Séries alemãs  “1899”: navegando rumo à escuridão do desconhecido

“1899”: navegando rumo à escuridão do desconhecido © Netflix, Photo: © Rasmus Voss

A promoção antes do lançamento foi enorme: consta que para produzir “1899” foram gastos quase 50 milhões de euros, fazendo com que esta seja a série mais cara da Alemanha. A equipe, que também esteve por trás da bem-sucedida “Dark”, prometeu ainda mais mistério, mais emoção e mais enigmas. Para as complexas filmagens em Babelsberg, foi fundado o primeiro estúdio LED da Europa. E as expectativas eram altas, já que “Dark” é considerada a série da Netflix mais popular de todos os tempos. E então: valeu a pena tanto esforço? 

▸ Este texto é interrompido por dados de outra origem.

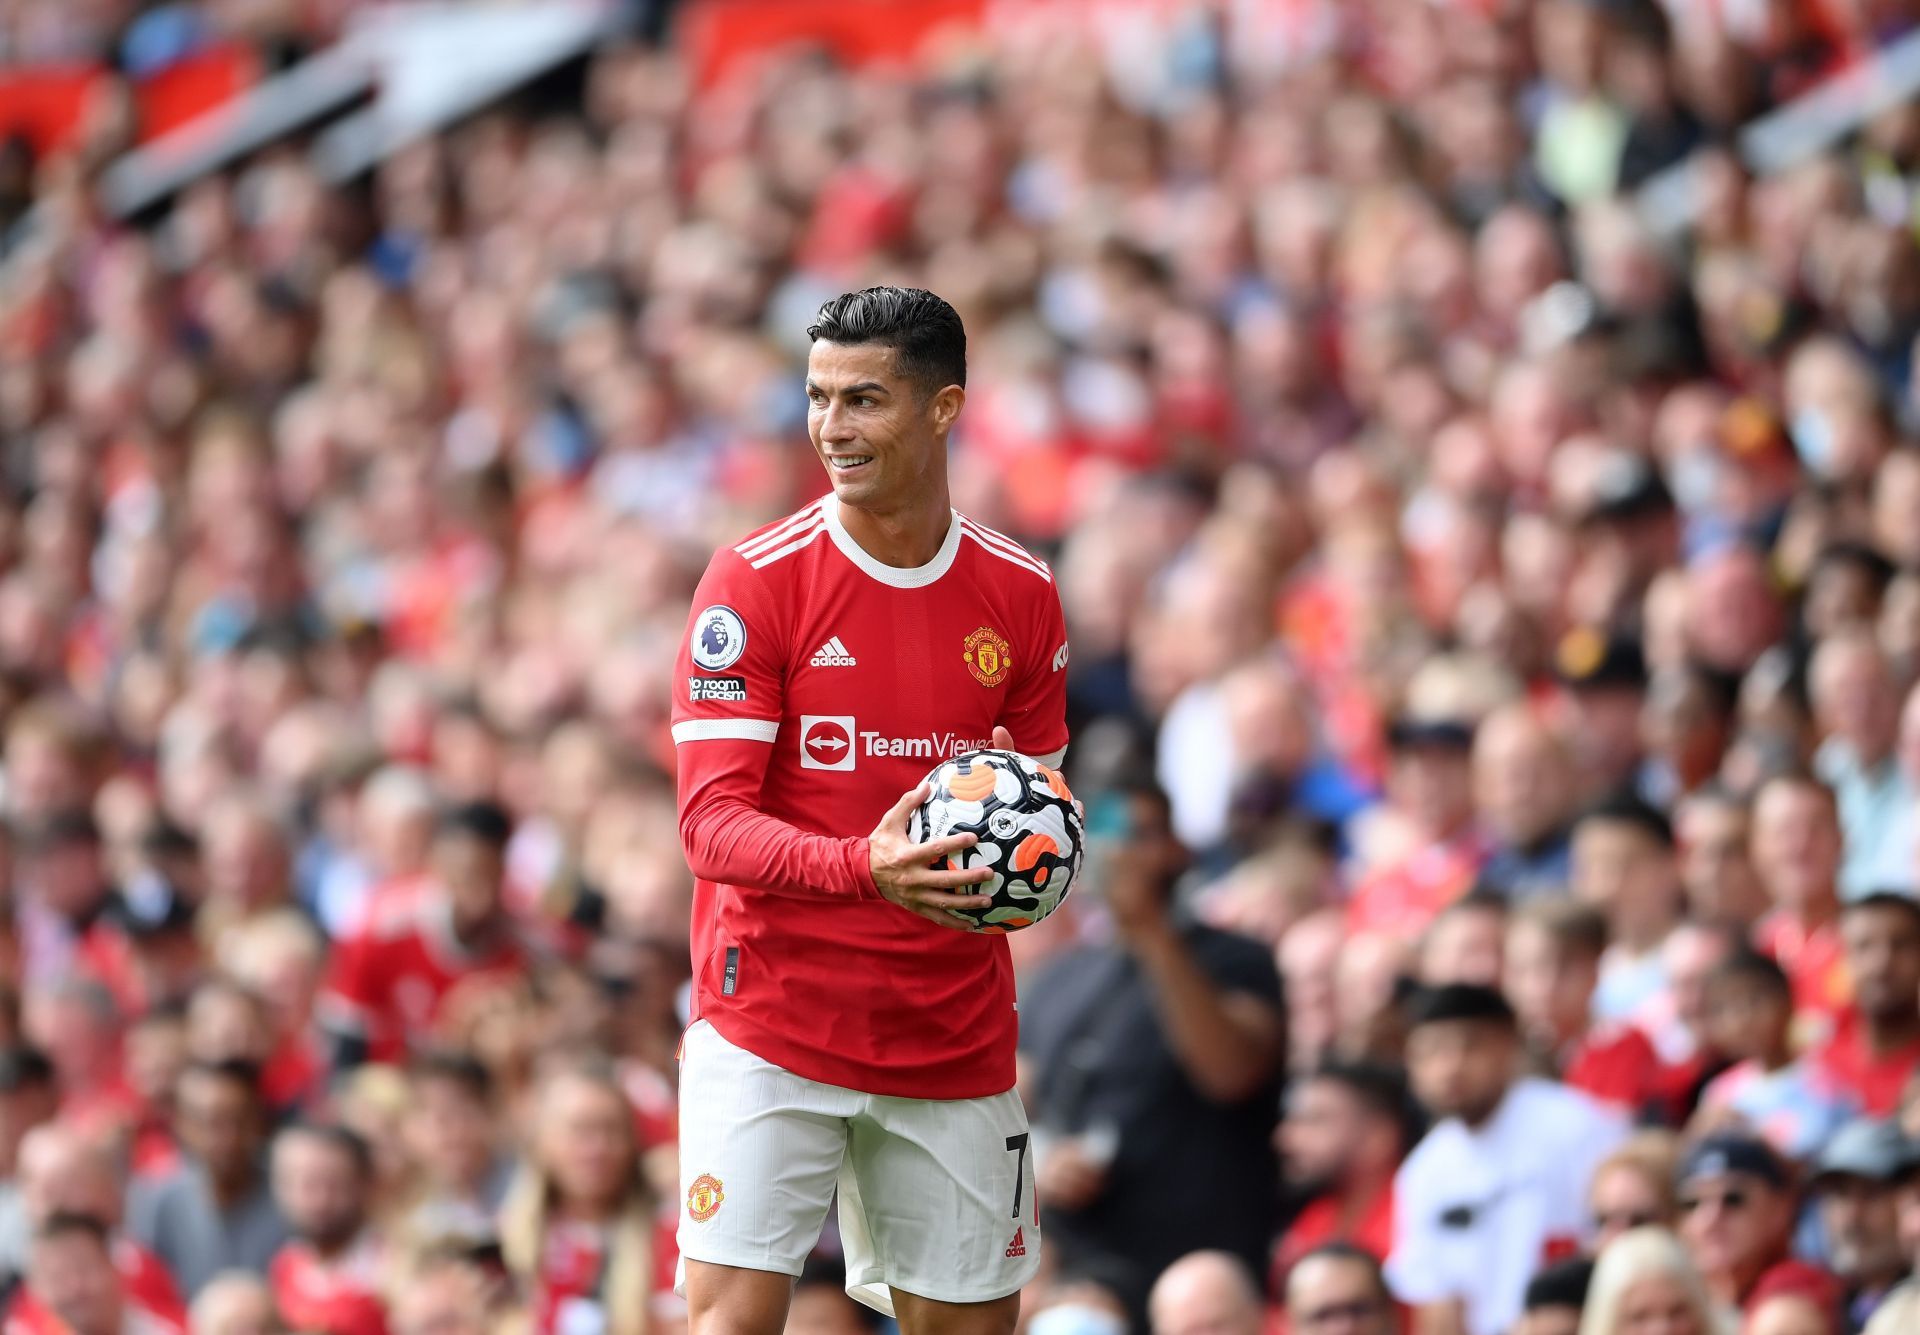 Manchester United attacker - Cristiano Ronaldo

Séries que precisam de manual de instrução são uma coisa complicada. A não ser que essa “bula” seja parte da própria trama, como é o caso de 1899. Baran bo Odar (direção) e Jantje Friese (roteiro) anunciaram uma “série verdadeiramente europeia” quando começaram as filmagens – e isso não era nenhum exagero. A babel de línguas a bordo do navio de emigrantes Kerberos foi evidentemente uma decisão tão inteligente quanto recheada de suspense do duo que já havia alcançado o sucesso com a série Dark. “No centro de tudo está a pergunta: o que nos une e o que nos separa? E como o medo pode ser um fator desencadeador daquilo que nos separa”, afirmou o casal de produtores à revista estadunidense Variety. Então: adeus à dublagem, legendas acionadas e está dada a largada para uma viagem insana rumo ao subconsciente.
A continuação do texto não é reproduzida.